- Directions -
Keep the pictures out. Copy every line of the listing exactly.

- Dataset excerpt -
----------
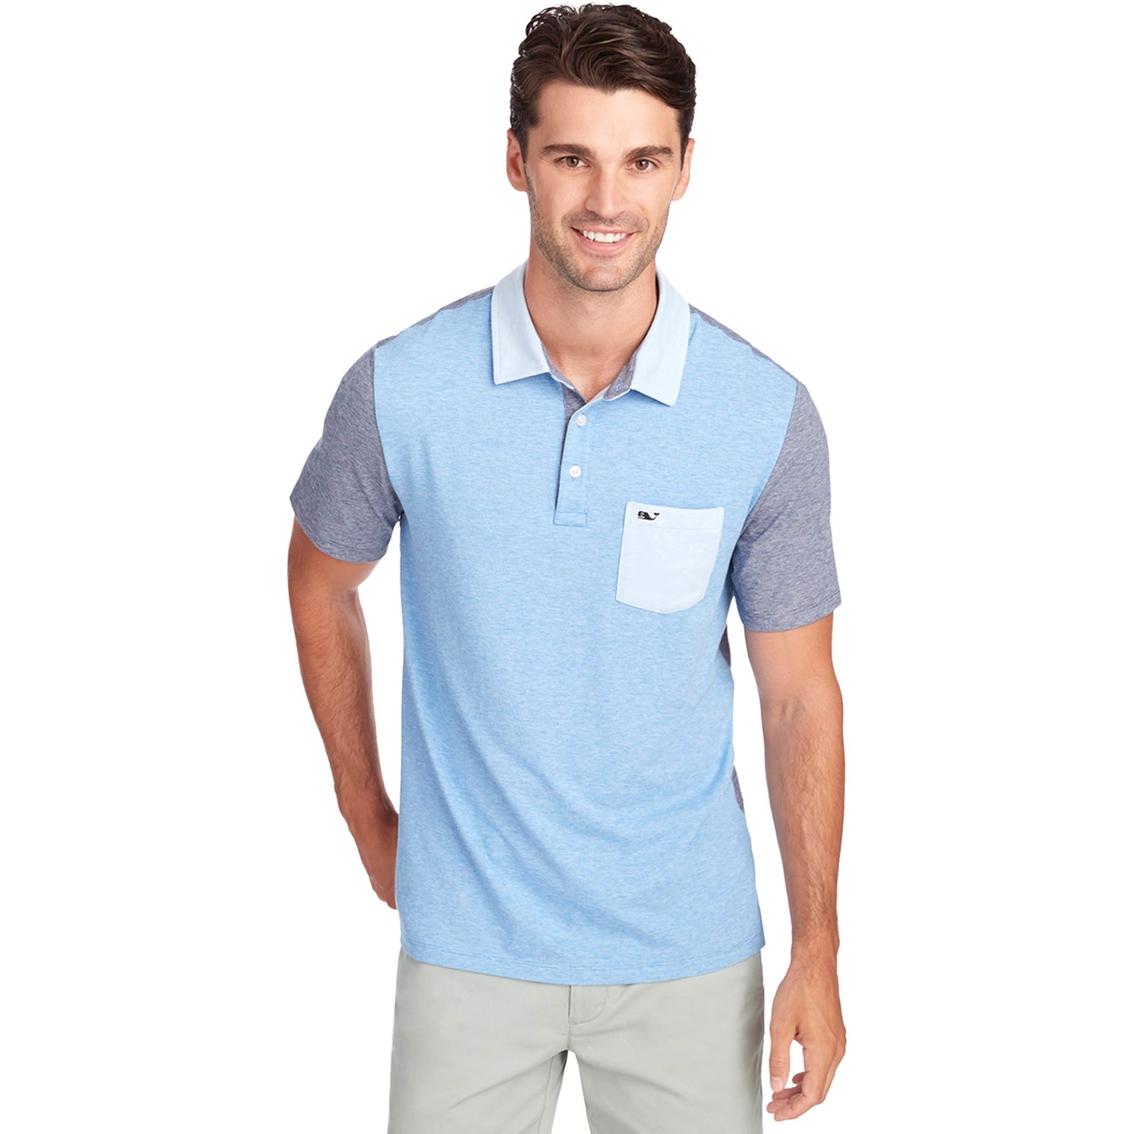 076f608de Vineyard Vines Victory Edgartown Polo Shirt
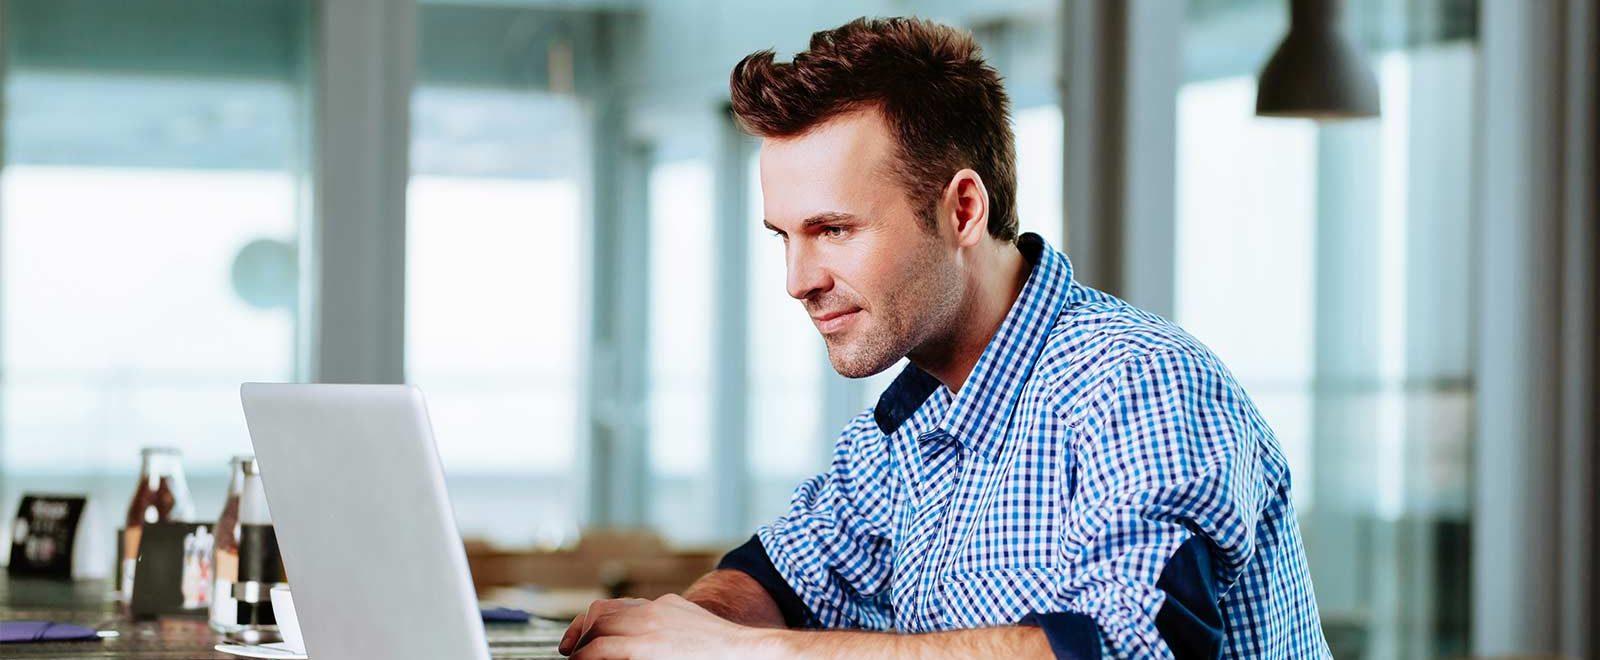 Creare business online
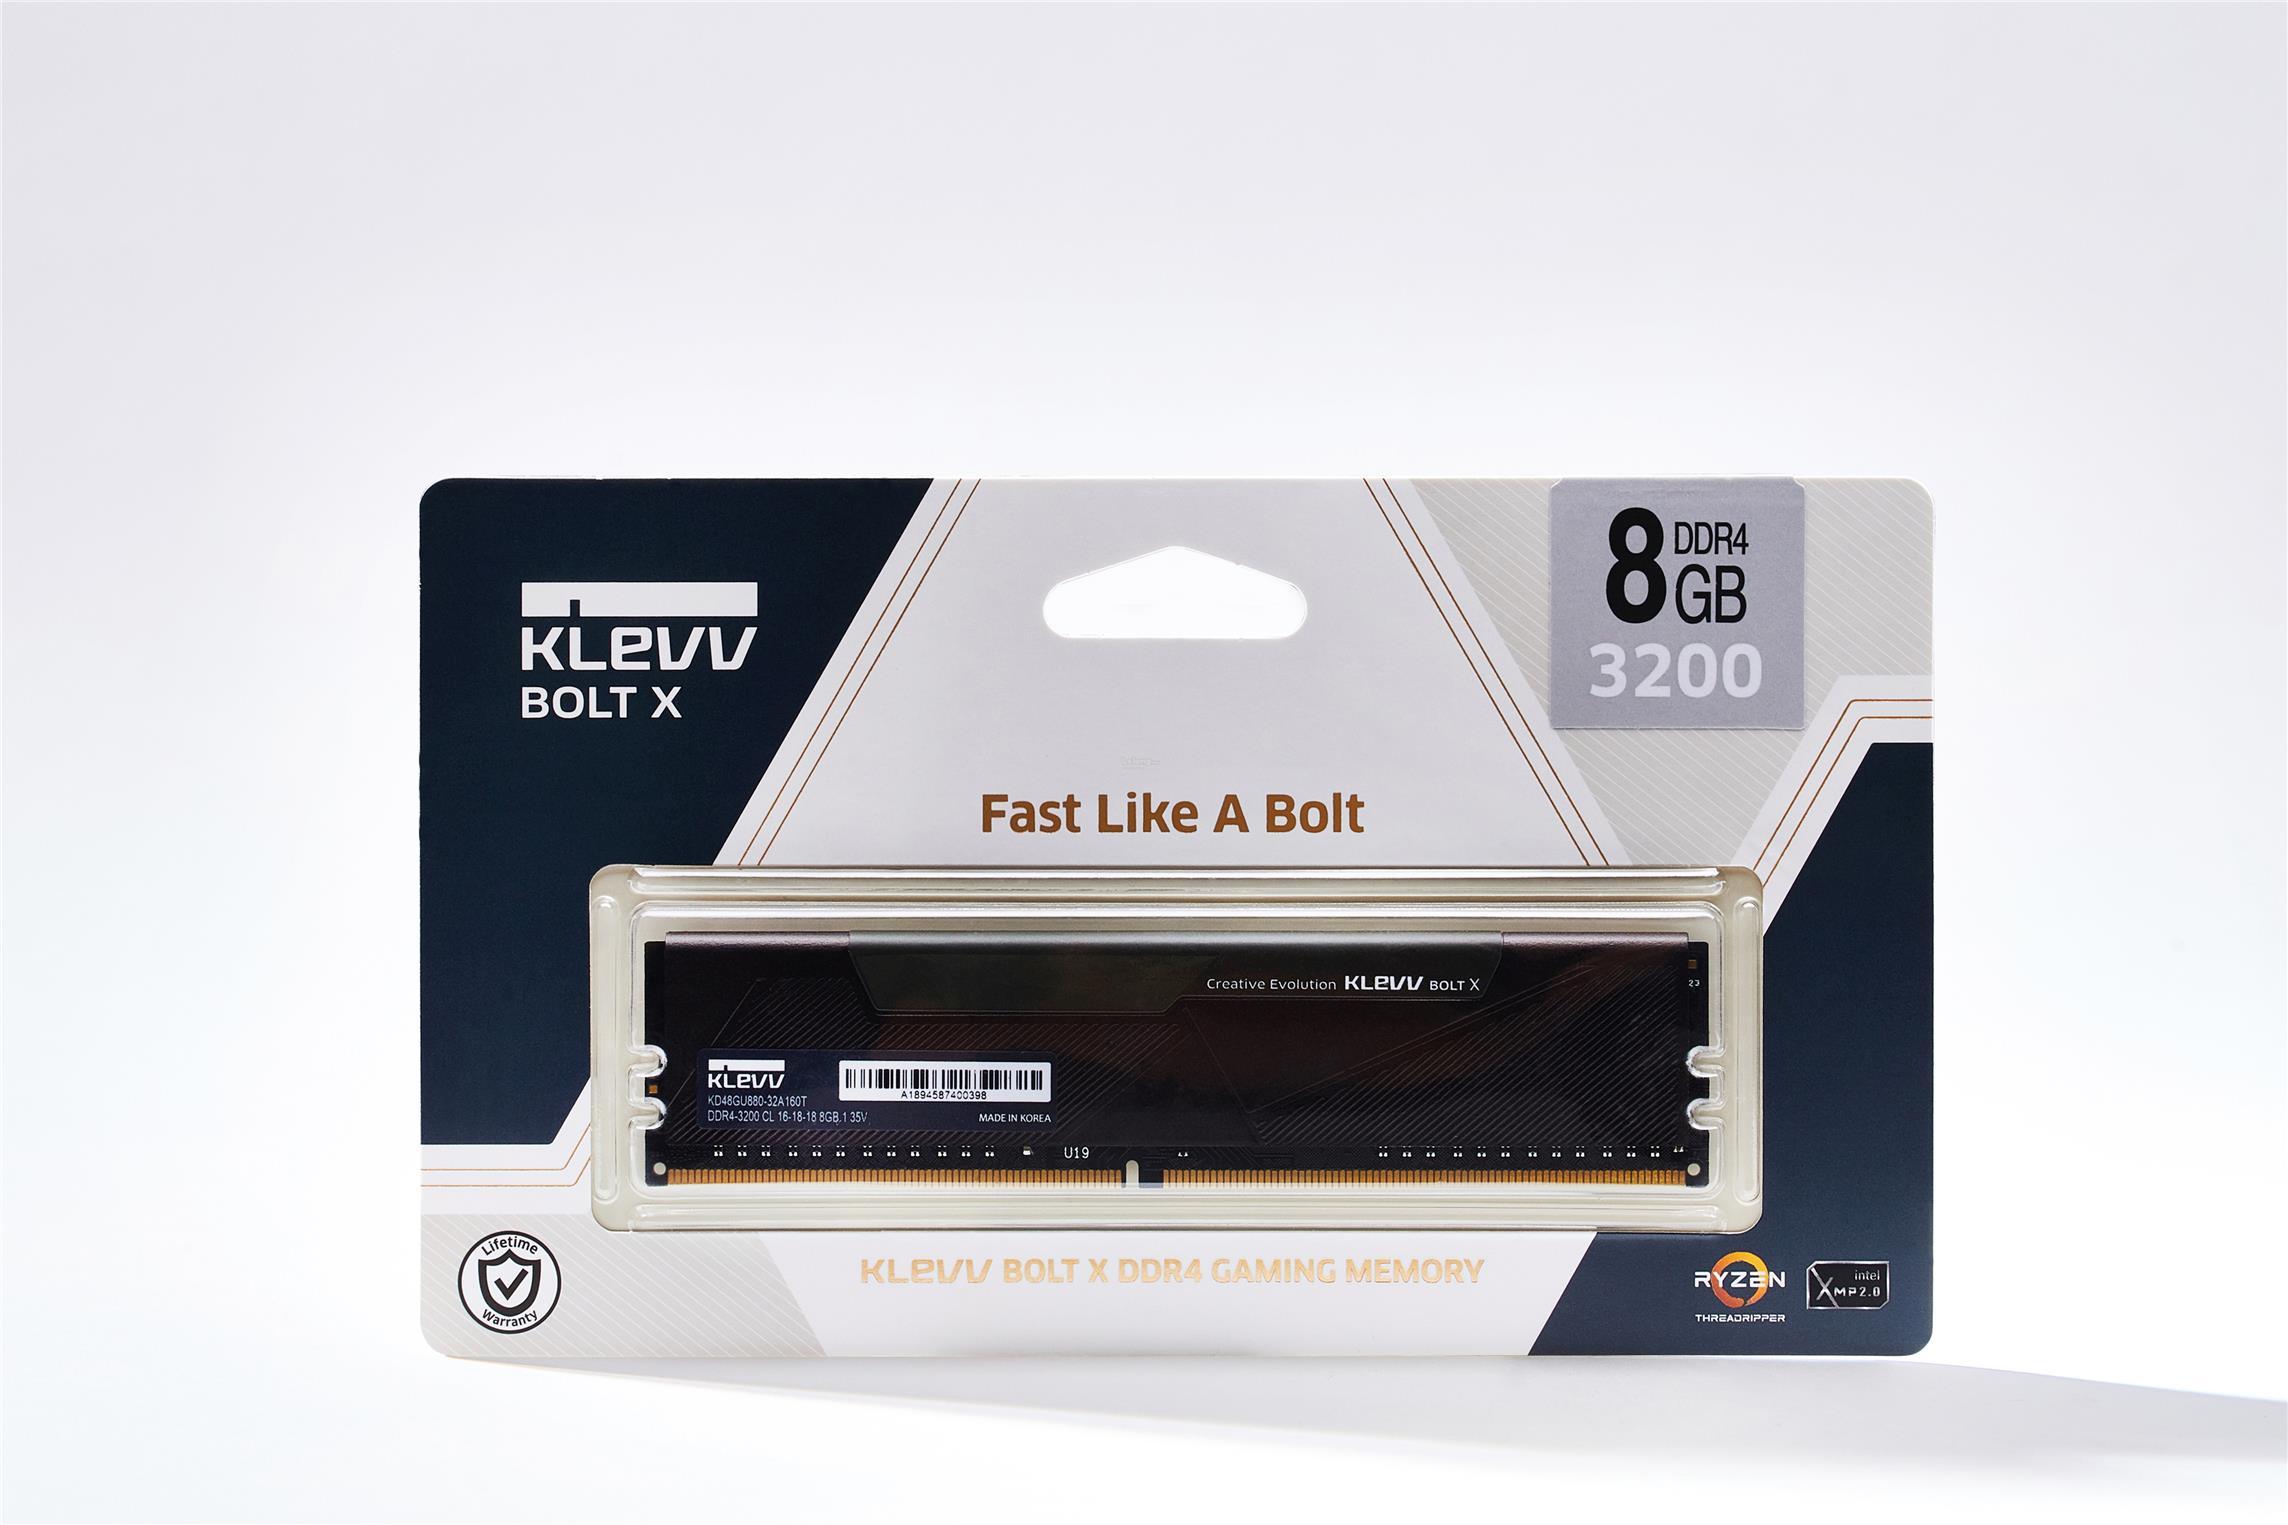 # KLEVV Bolt X 1x8GB DDR4 Gaming Memory # 2666MHz | 3200MHz
----------
- Result of the exercise -
 076f608de Vineyard Vines Victory Edgartown Polo Shirt
 Creare business online
 # KLEVV Bolt X 1x8GB DDR4 Gaming Memory # 2666MHz | 3200MHz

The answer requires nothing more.